Тут и вбежал ключарь, глаза протер, пыль сплюнул в угол.
– Ветрище-от какой!.. Ну что, убогие, проснулись? – и избу оглядел. – Тута мужик пришел… Дитя крестить зовет, младенца.
У Аввакума сердце дрогнуло: давно не крещивал, все боле отпевал в последние лета. Ввести же чадо под Христово лоно – эка радость! Однако ж в путь пора, пока ветришко дует: для беглого погода в самый раз…
– Кто может справить дело? – меж тем спросил ключарь и к иноку пристал. – Ступай, чернец, служи.
– Как тот мужик персты слагает? – спросил монах, письмо оставив.
– А так, как все, – ключарь десницу поднял с двоеперстьем.
– Тогда ступай!
– Да не боись. Мужик-то свой и выдачи не будет. Вот крест.
Чернец косичкою махнул и сплюнул.
– Ступай, ступай отсель!

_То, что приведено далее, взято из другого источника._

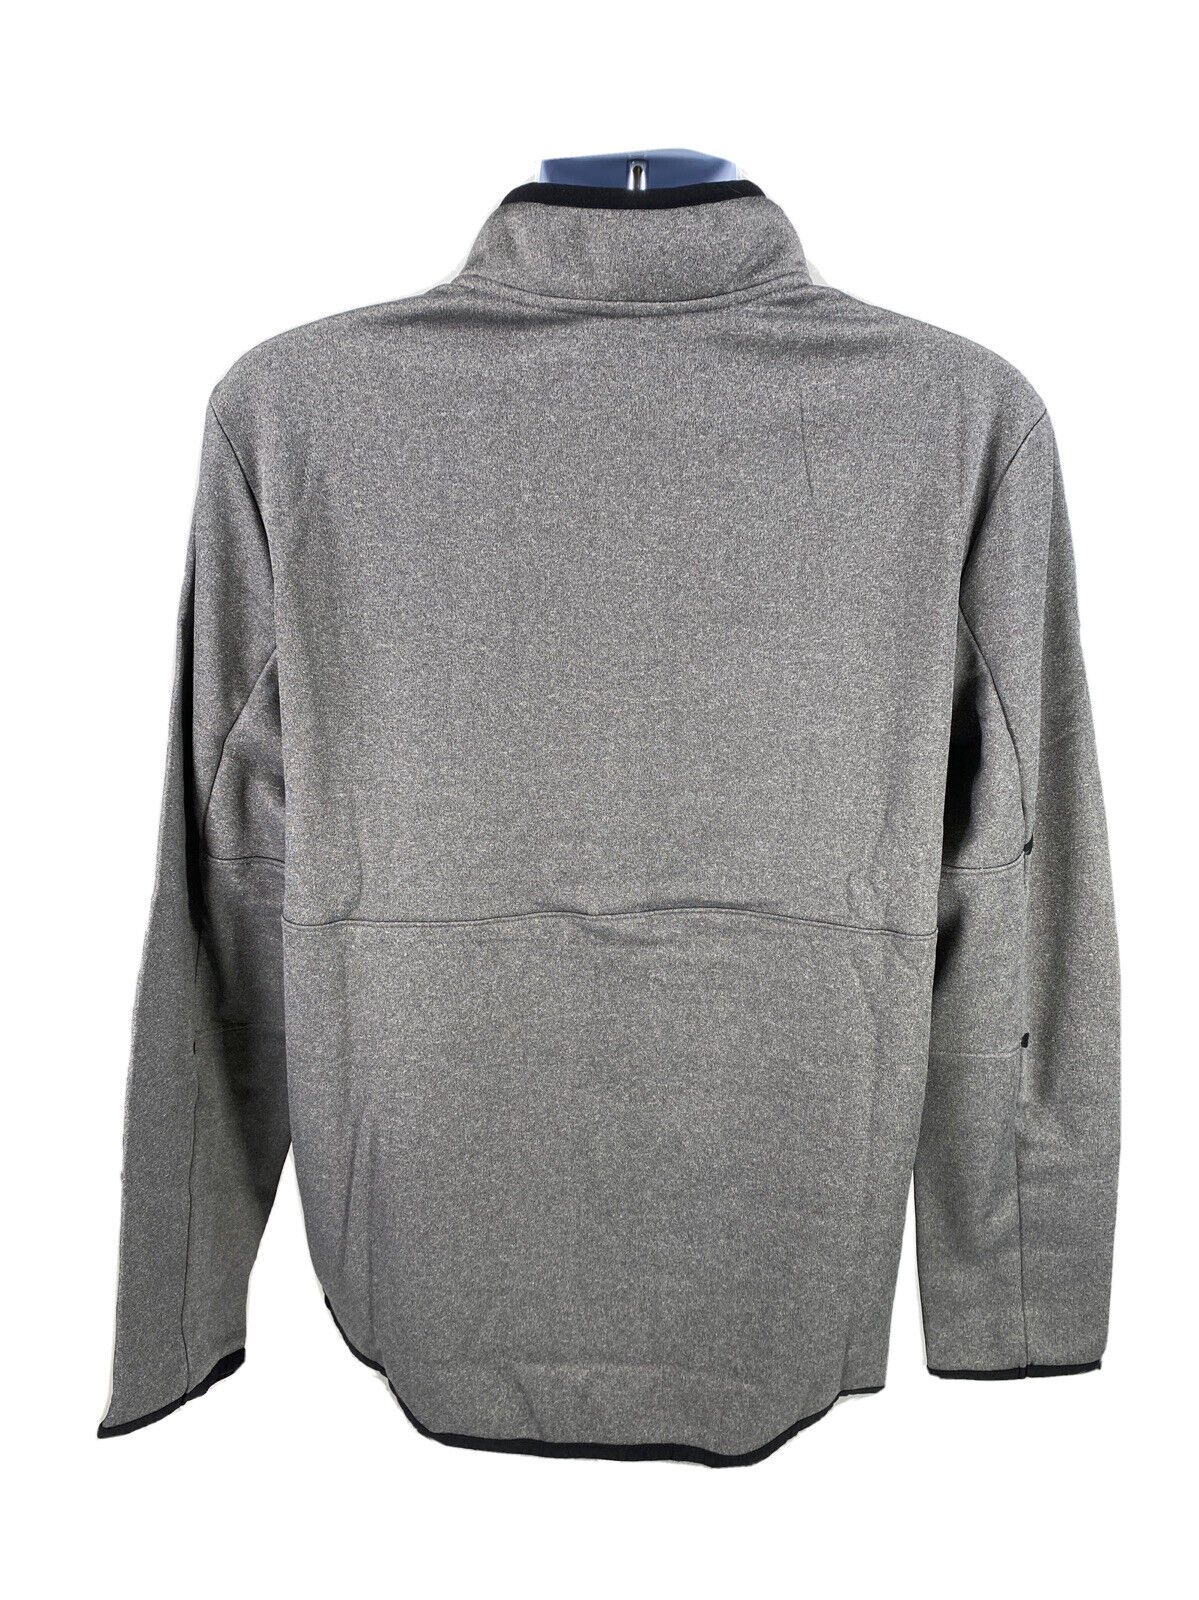 NUEVA sudadera tipo jersey con cremallera de 1/4 y forro polar gris de Tek Gear para hombre, talla M

Не искушай!
Безногий ухмыльнулся и лаптем постучал.
– Да ты давно уж искушенный… Поди, донос строчишь?
Подобно немтырю, распоп невнятно мыкнул и, вдруг озлившись на себя – чего засуетился, дитя ж зовут крестить, по старому обряду! – спустился с печи.
– Я справлю Божеское дело.
В след инок зыркнул – лица не увидал, а ветер дверь захлопнул. На улице ждал молодой мужик с подбитым глазом, шапчонку снял и поклонился.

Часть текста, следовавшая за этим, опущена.